#### [EXERCISE]
Please copy out the entries below exactly, beginning with the line that contains "Juventus - Sampdoria" and ending with the line that contains "Bill Gates og", and include nothing outside that span.

#### [SOURCE MATERIAL]
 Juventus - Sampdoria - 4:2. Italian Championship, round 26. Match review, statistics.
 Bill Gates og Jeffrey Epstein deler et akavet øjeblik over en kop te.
---
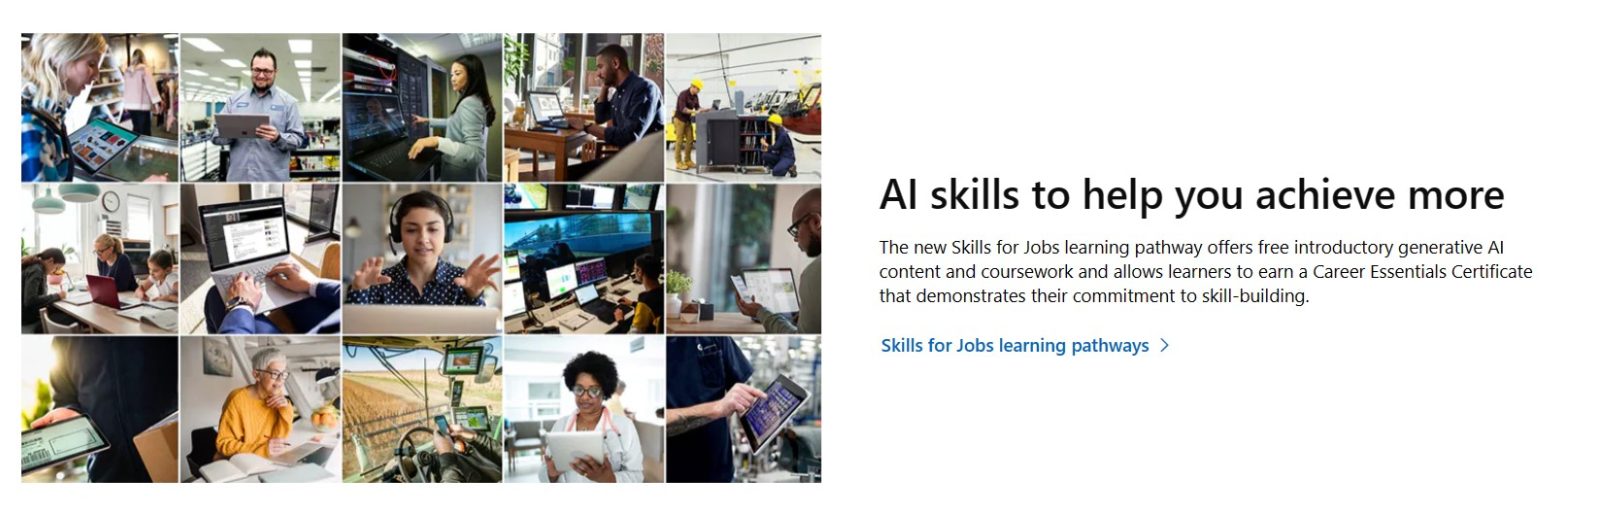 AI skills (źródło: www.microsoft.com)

#### [RESPONSE TO THIS TASK]
 Juventus - Sampdoria - 4:2. Italian Championship, round 26. Match review, statistics.
 Bill Gates og Jeffrey Epstein deler et akavet øjeblik over en kop te.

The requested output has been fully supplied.